------ Raw data

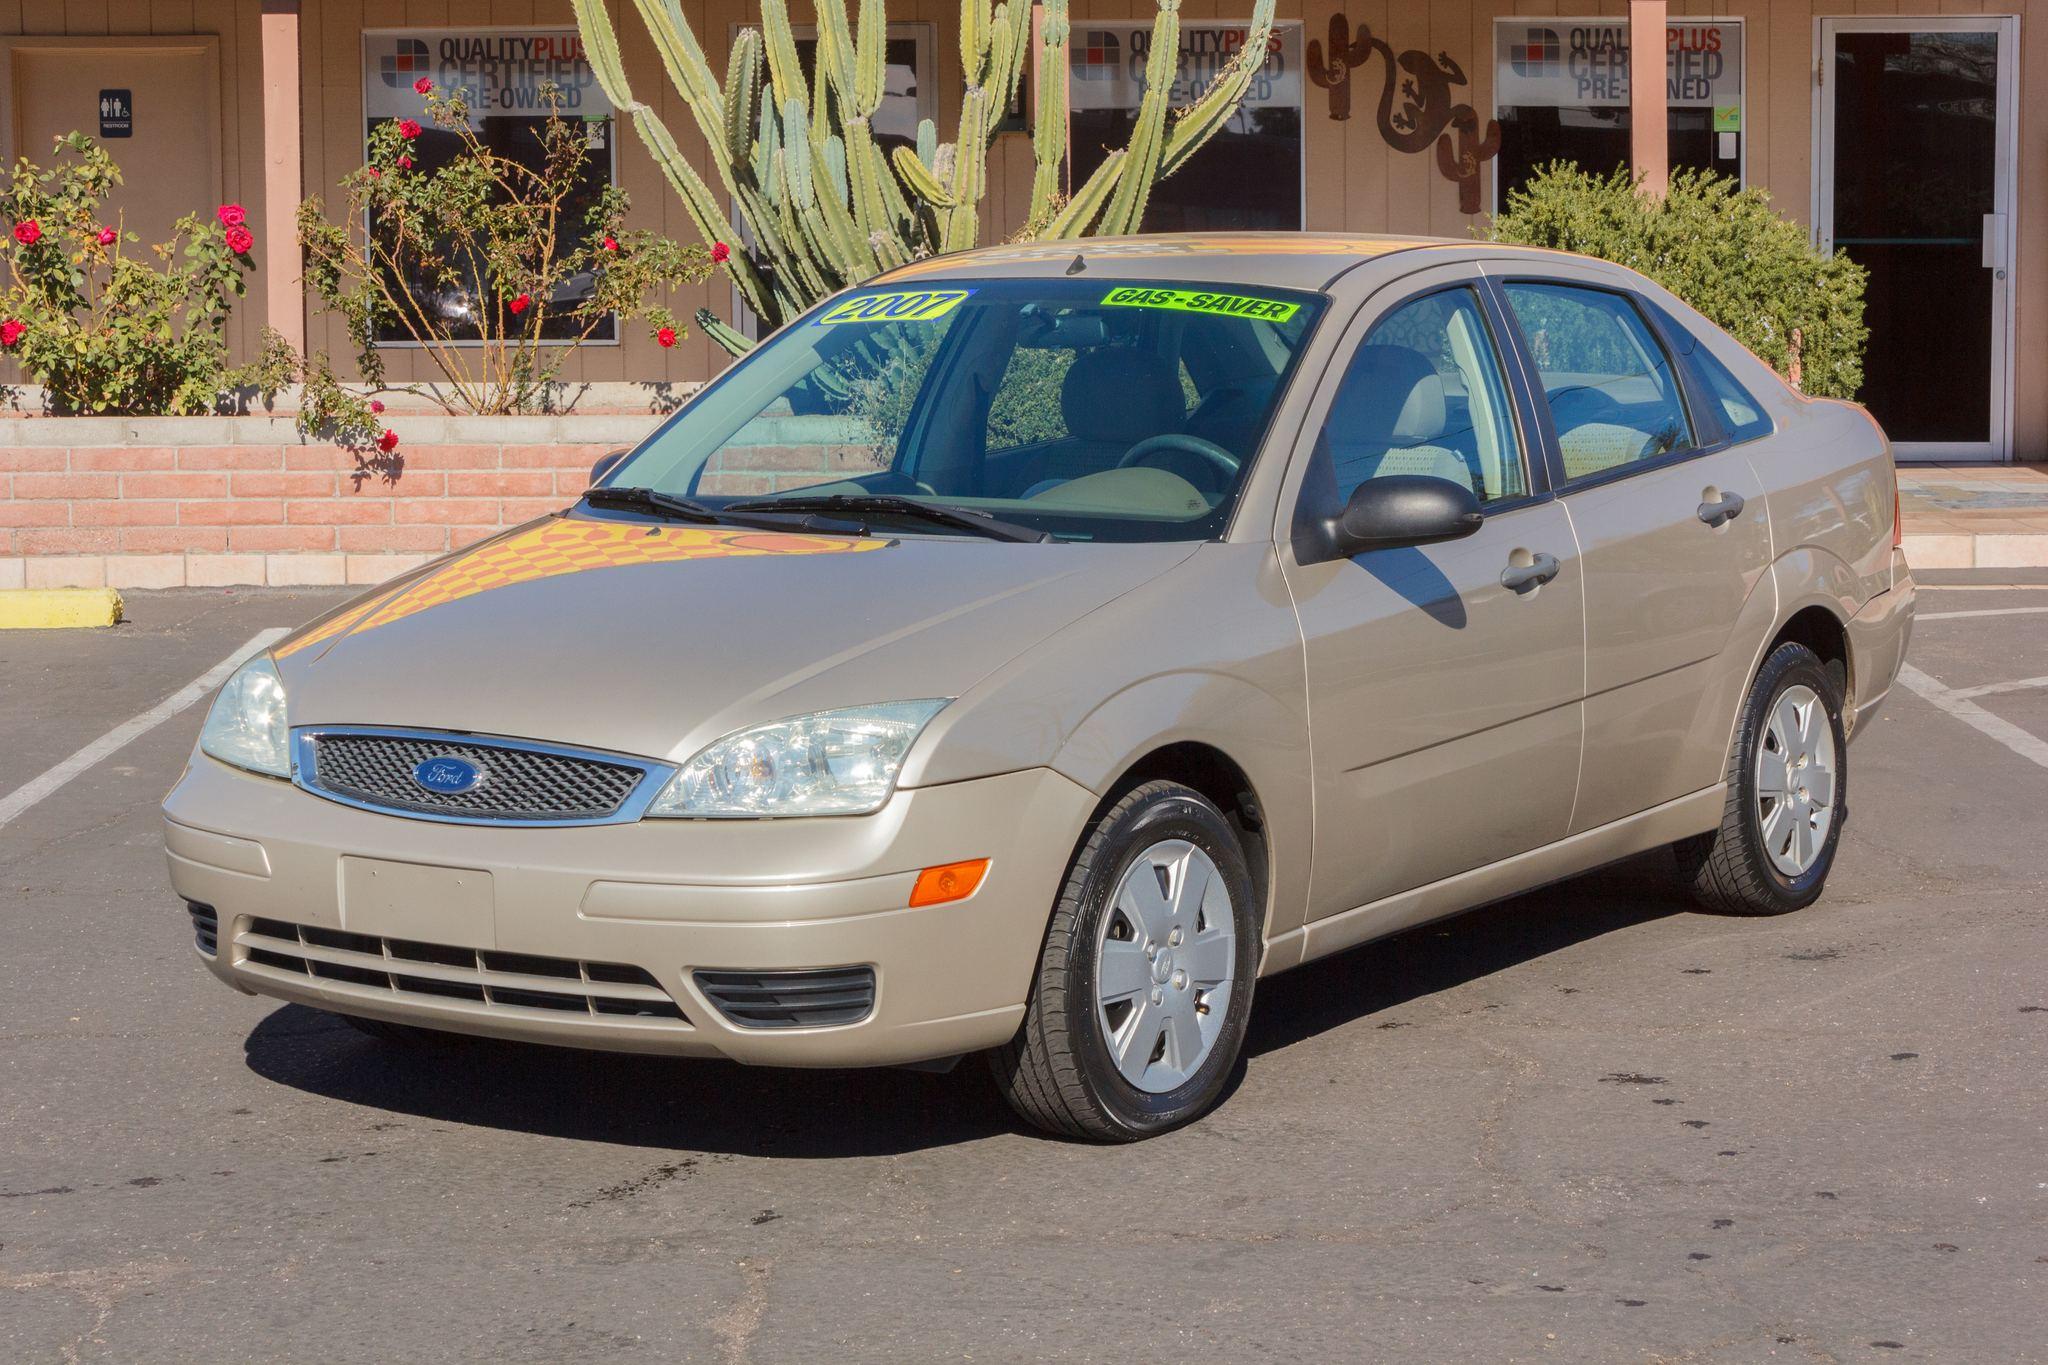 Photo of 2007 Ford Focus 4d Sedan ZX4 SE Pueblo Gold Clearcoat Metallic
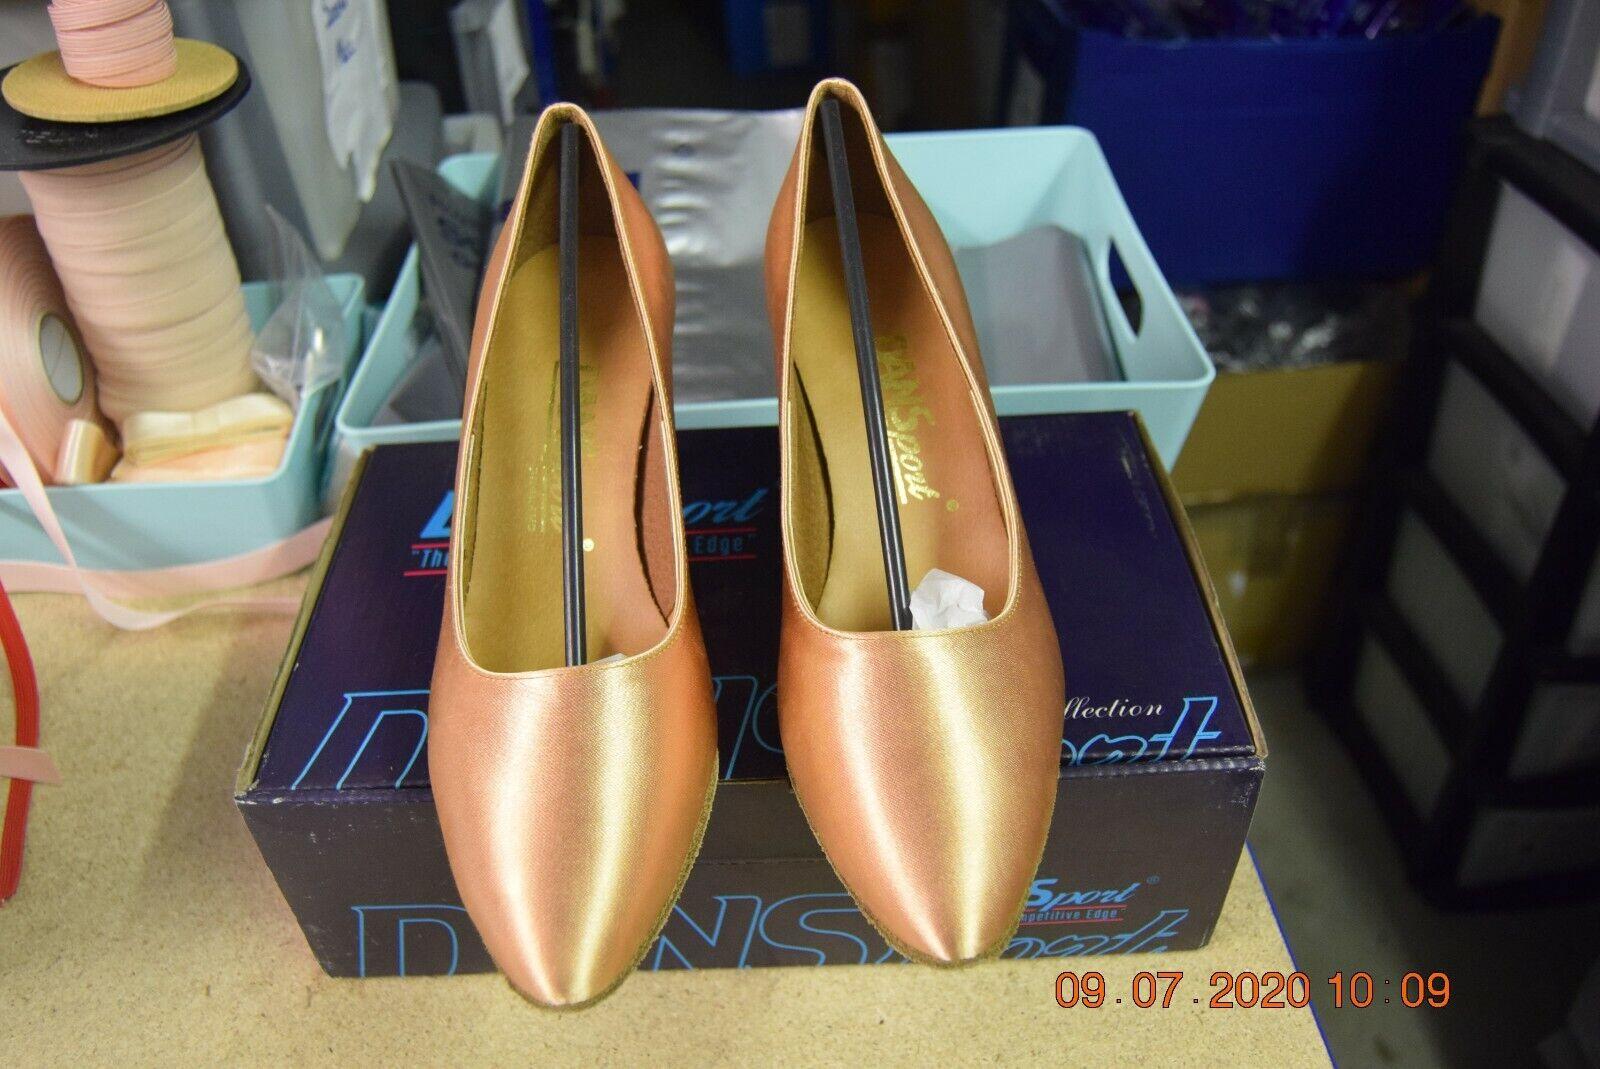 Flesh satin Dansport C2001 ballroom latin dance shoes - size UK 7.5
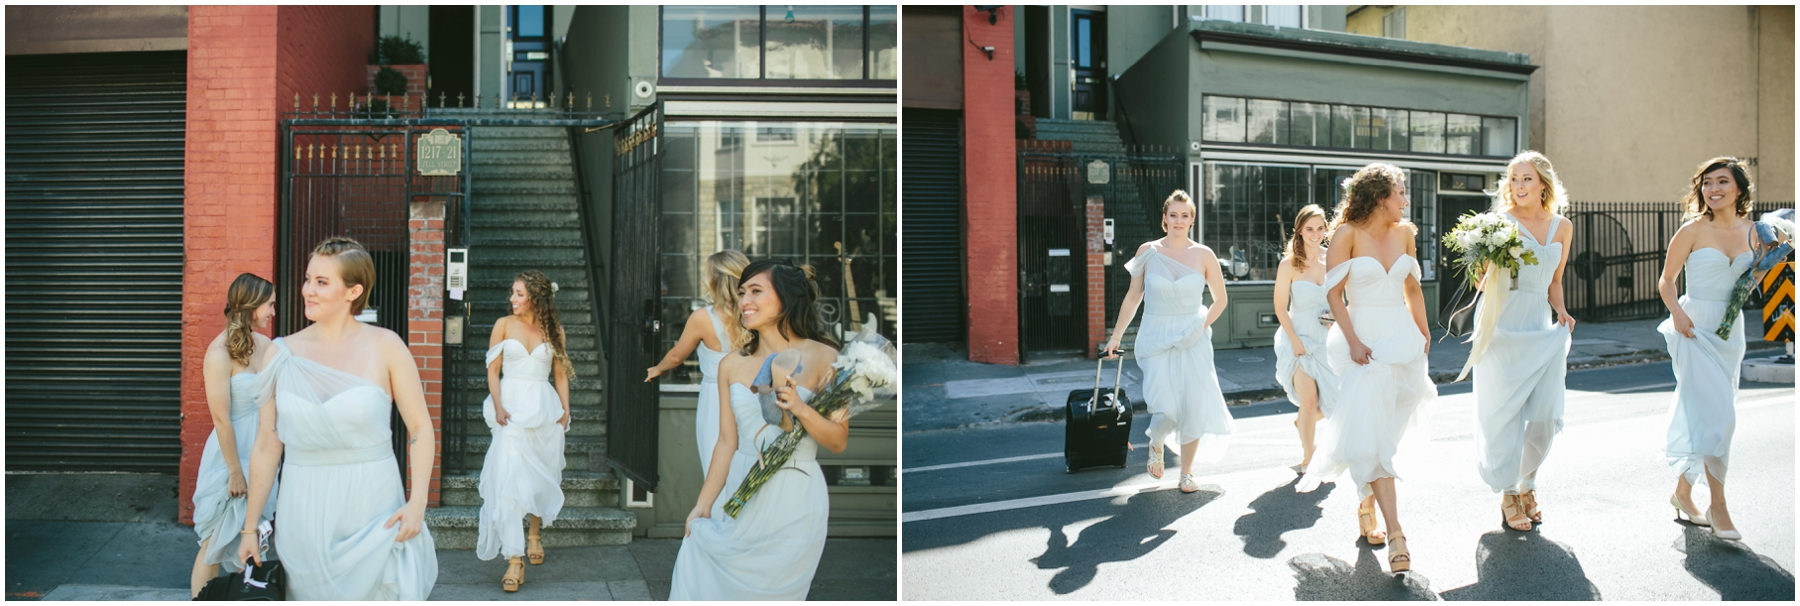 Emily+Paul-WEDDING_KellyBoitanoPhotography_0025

------------

Problem to work on: Exactly the lines from the one that contains "Flesh satin Dansport" to the last line of the data, both included, should be set down, and no pictures should appear among them.

Answer to this exercise:
 Flesh satin Dansport C2001 ballroom latin dance shoes - size UK 7.5
 Emily+Paul-WEDDING_KellyBoitanoPhotography_0025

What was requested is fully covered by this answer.